TASK TO CARRY OUT:
Each line below must be reproduced exactly, though the pictures are to be dropped.

DATA SECTION:
▽

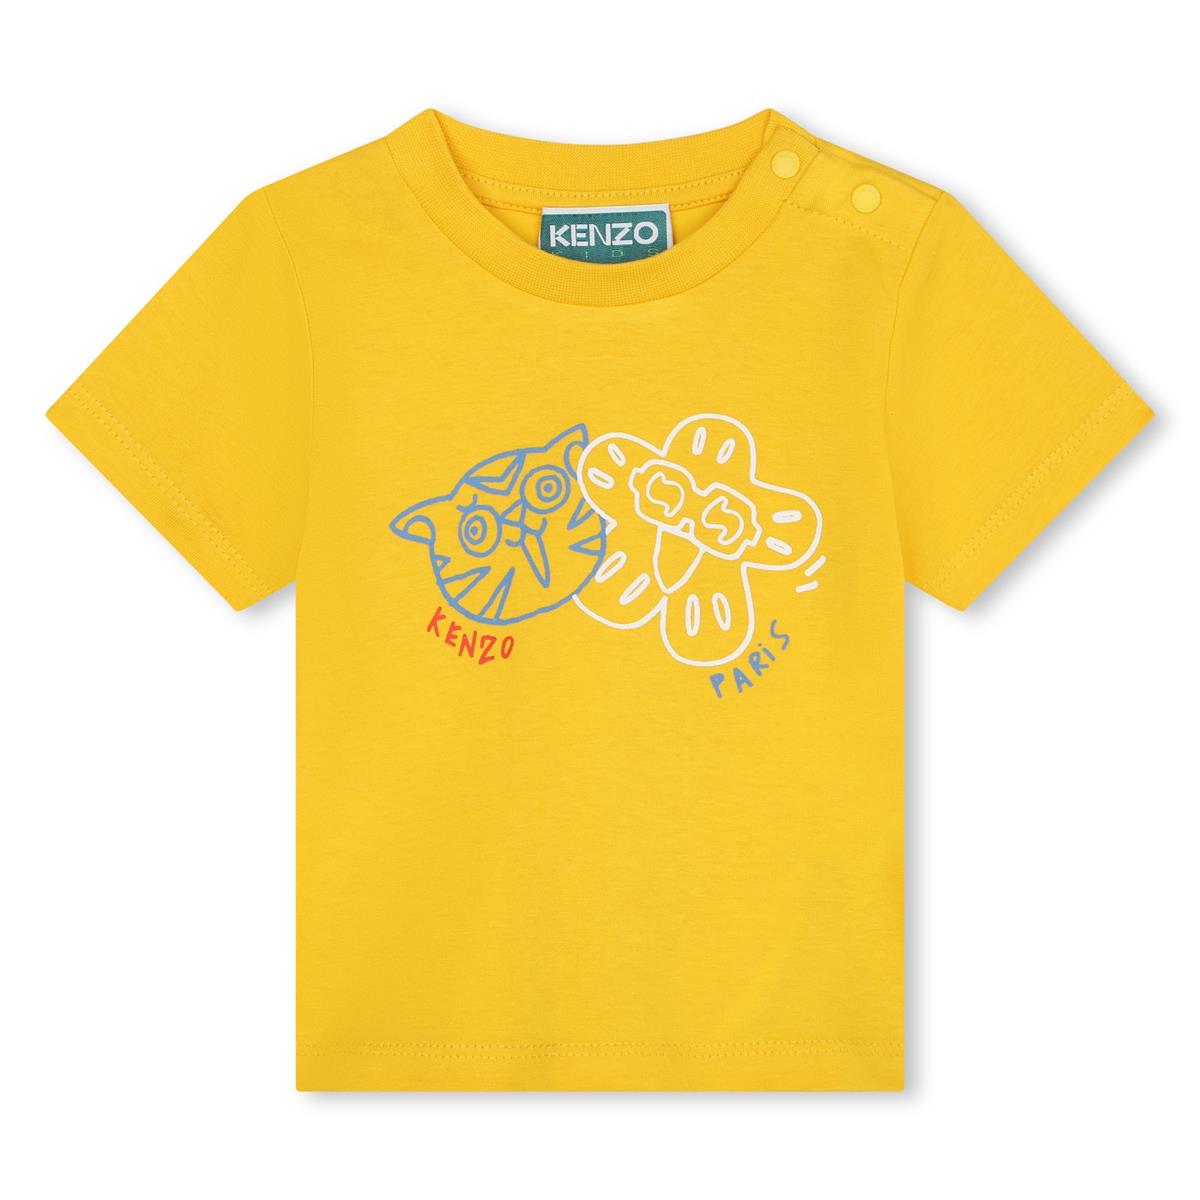 Baby Boys Yellow Cotton T-Shirt
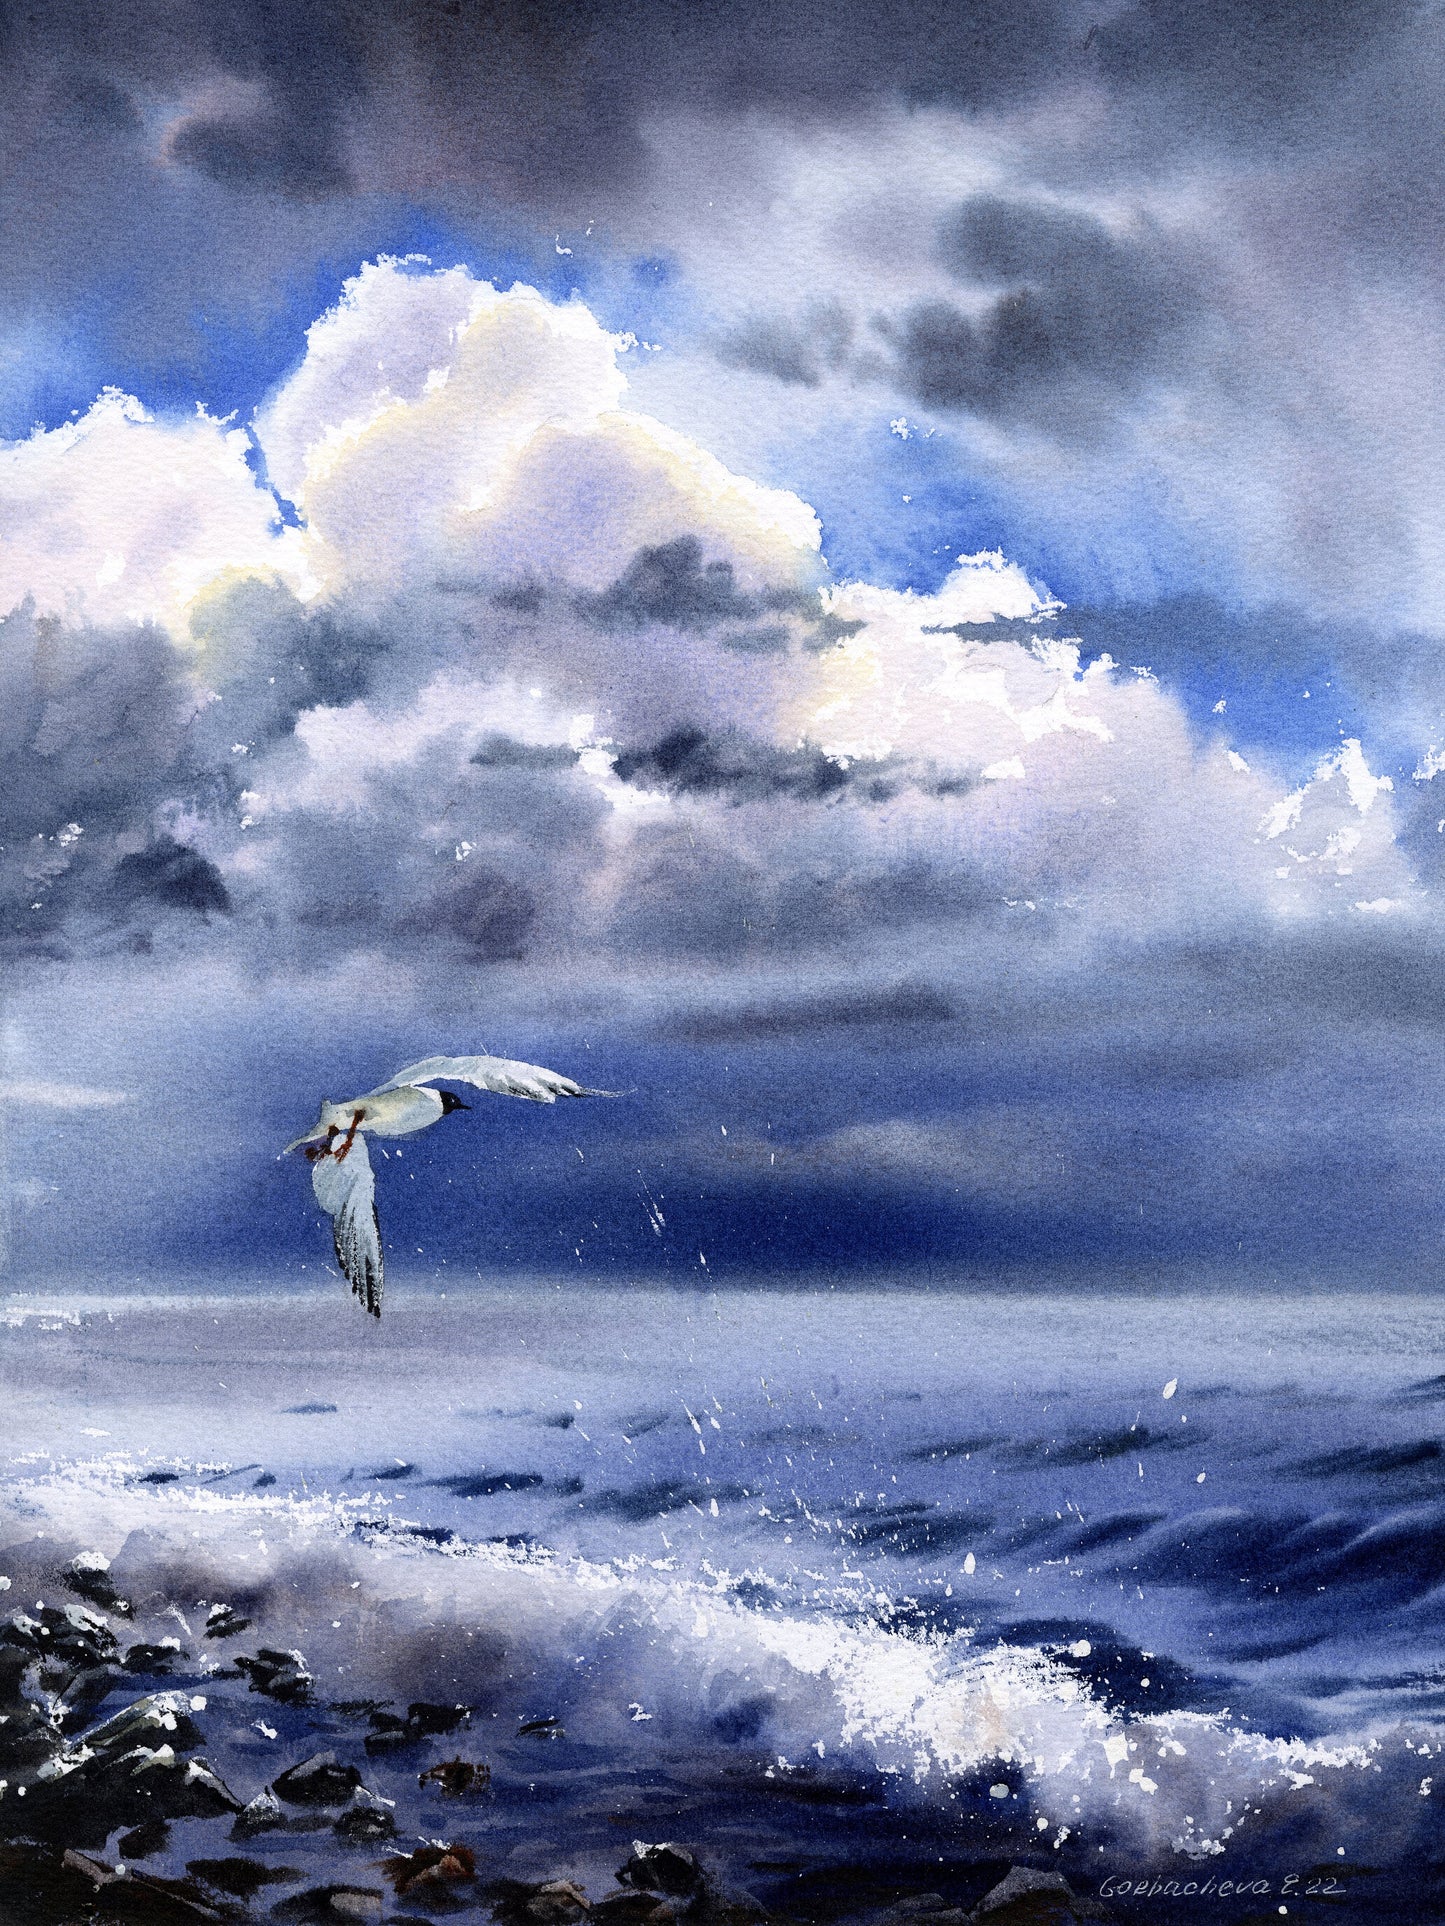 Watercolor Seagull Print, Coastal Wall Decor, Sea Large Painting, Blue Wave Rocks, Bird Art Giclée Fine Art Canvas Print
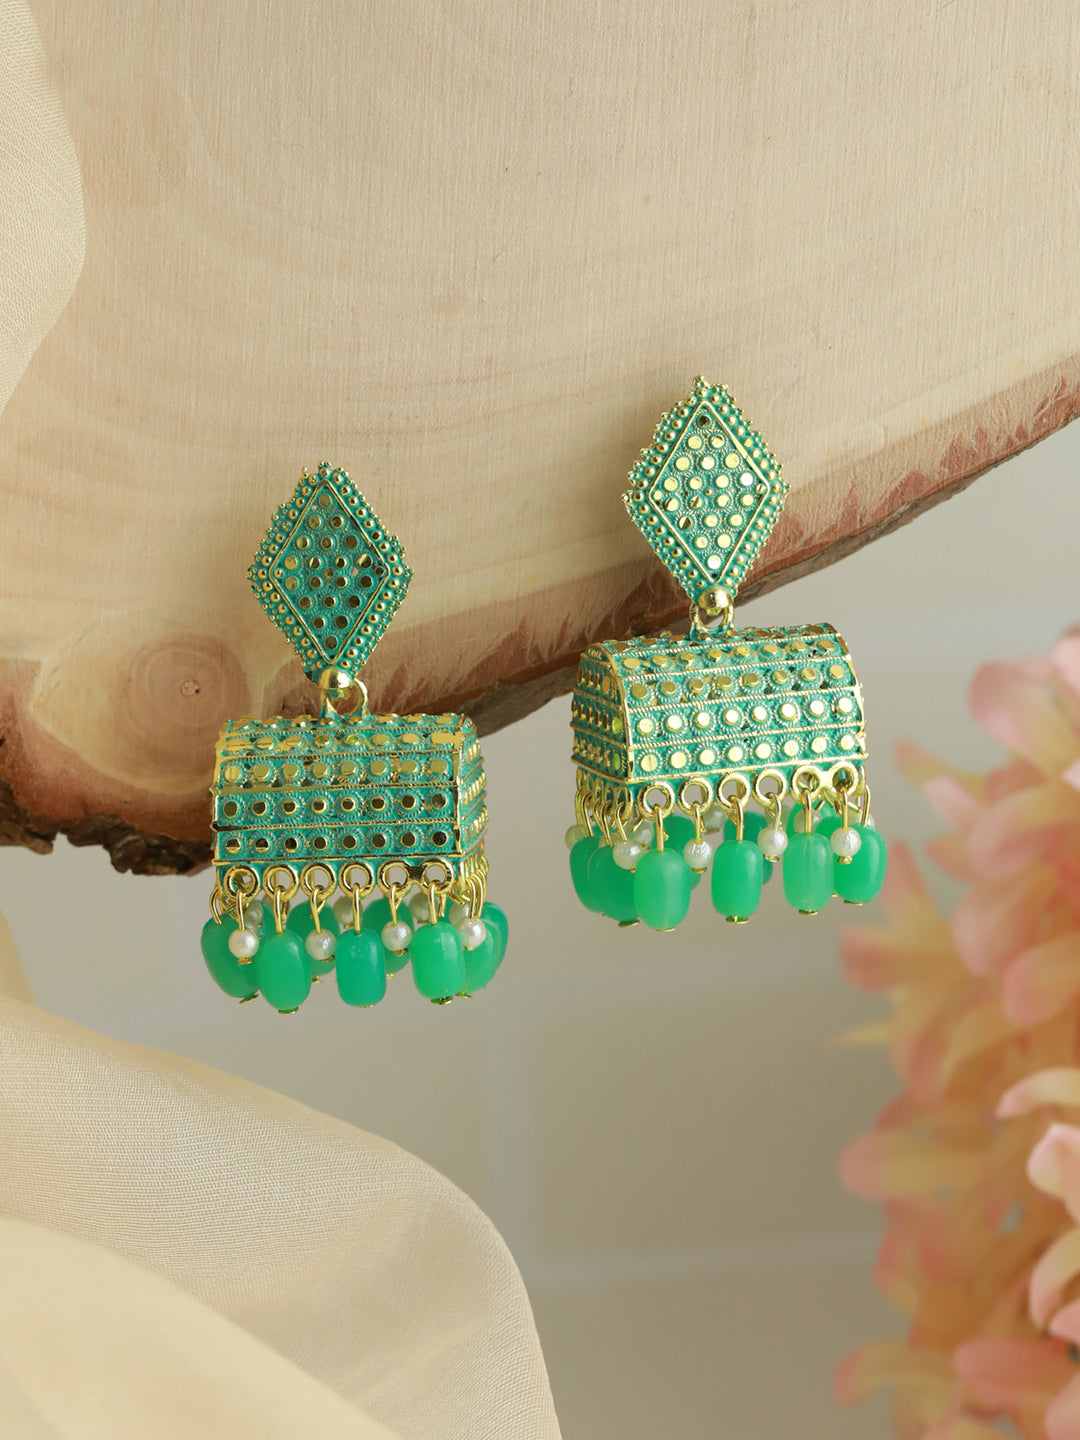 Priyaasi Green Gold Plated Case Jhumka Earrings

△

PROBLEM SOLUTION:
 Baby Boys Yellow Cotton T-Shirt
 Watercolor Seagull Print, Coastal Wall Decor, Sea Large Painting, Blue Wave Rocks, Bird Art Giclée Fine Art Canvas Print
 Priyaasi Green Gold Plated Case Jhumka Earrings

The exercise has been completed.